Tragically, we have had another mass shooting in the US. The chart above summarises deaths from such events (data collated by Mother Jones). It is clear that the problem has been getting worse since about 2005 (statistically significant at p < 0.00001).
Social factors appear to be blame, since there has been no signficant change in the availability of weapons in that time. Those social factors might include mental health policy, education policy, social media, video games, drugs, the decline of religion, media coverage of past shootings, etc. It seems to me that serious study is urgently required. Some things we do know: psychiatrist Ragy Girgis suggests:
“With exceptions, many of these [perpetrators] tended to be younger males who were empty, angry, and nihilistic, felt rejected by society, were socially, occupationally and/or academically unsuccessful, and blamed society for their failures. These individuals tended to have very fragile egos and were highly narcissistic, feeling they were much more special than they actually were and deserving of fame and notoriety. They harbored a strong desire for this notoriety and infamy. Committing a mass shooting instantly produces these results in today’s culture.”
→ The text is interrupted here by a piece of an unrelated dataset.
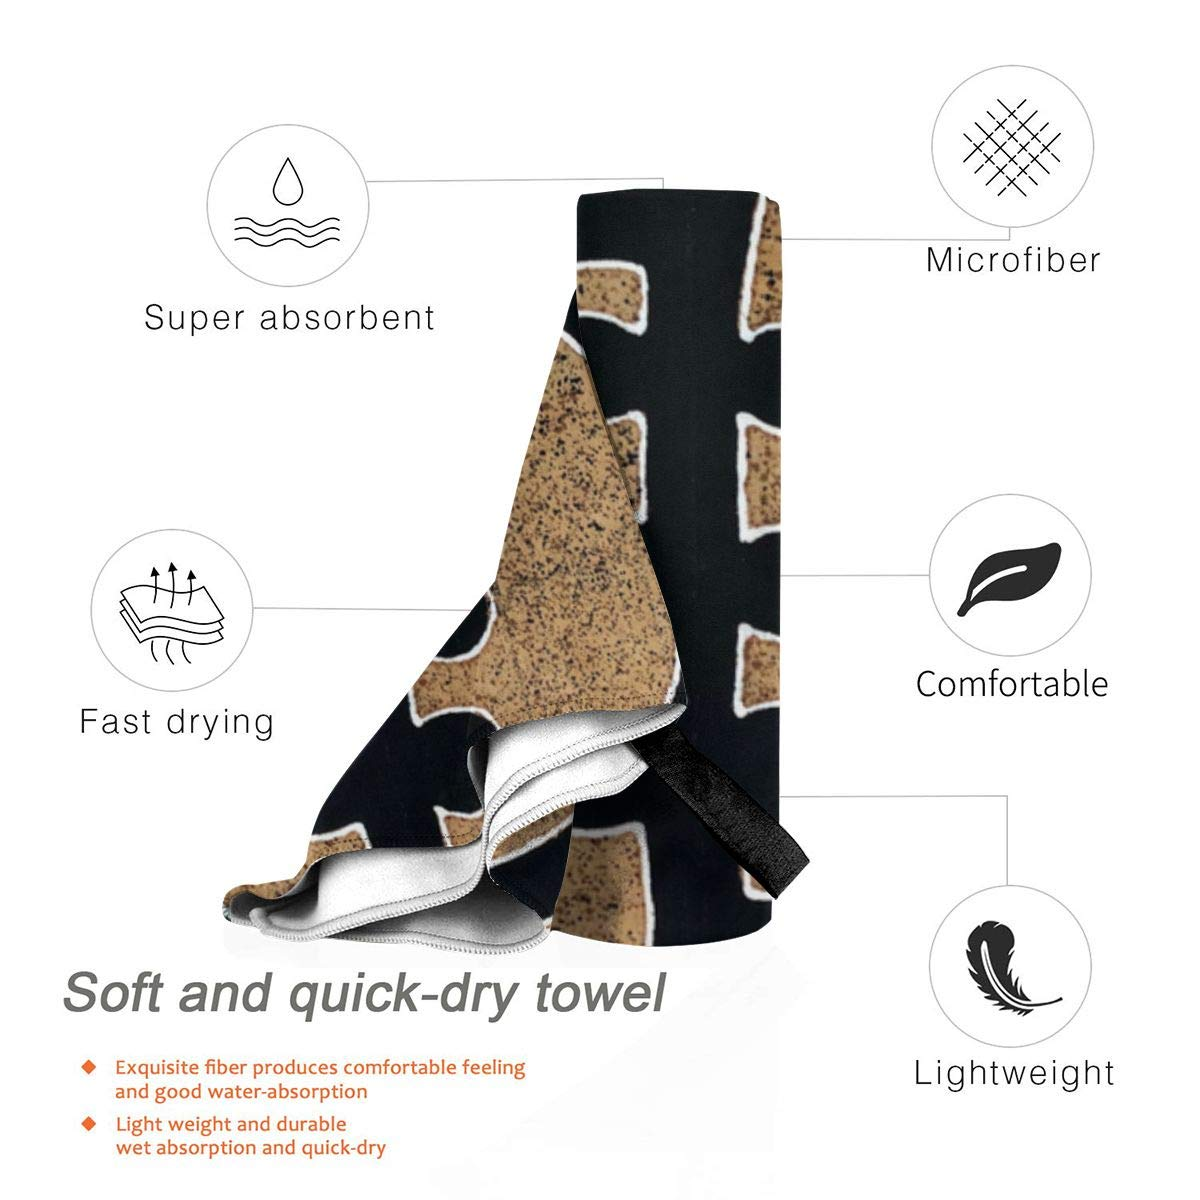 BlueTop Gye Nyame Beach Quick Drying Towel Microfiber Yoga Fitness Absorbent Towel Outdoor Climbing Quick Drying Towel

In the Mother Jones dataset (for 1982 onwards), 13 states have never had a mass shooting (Alaska, Delaware, Idaho, Maine, Montana, New Hampshire, New Mexico, North Dakota, Rhode Island, South Dakota, Vermont, West Virginia, and Wyoming), while in 13 other states, the chance of dying in a mass shooting exceeds 0.1 per million per year:
State | Total Fatalities | Annual Deaths per million |
---|---|---|
California | 175 | 0.11 |
Nebraska | 9 | 0.11 |
Oklahoma | 19 | 0.11 |
Wisconsin | 28 | 0.12 |
Washington | 37 | 0.12 |
Hawaii | 7 | 0.12 |
Texas | 151 | 0.12 |
Florida | 126 | 0.14 |
Virginia | 53 | 0.15 |
Colorado | 53 | 0.22 |
Connecticut | 41 | 0.27 |
DC | 12 | 0.43 |
Nevada | 63 | 0.48 |
The relevant social factors are therefore not uniform across the United States. The map below shows the mean annual death rate per million for mass shootings in each state (for 1982 to 2023, excluding Alaska = 0 and Hawaii = 0.12):
Edit: Ragy Girgis, quoted above, notes that perpetrators tended to be “occupationally and/or academically unsuccessful.” Consequently, state unemployment rate is a statistically significant risk factor (p = 0.0148):
Even more significant (p = 0.0046) is the correlation with the Social Support Index from the US Joint Economic Committee Social Capital Project. Better social support helps to reduce the risk of mass shootings.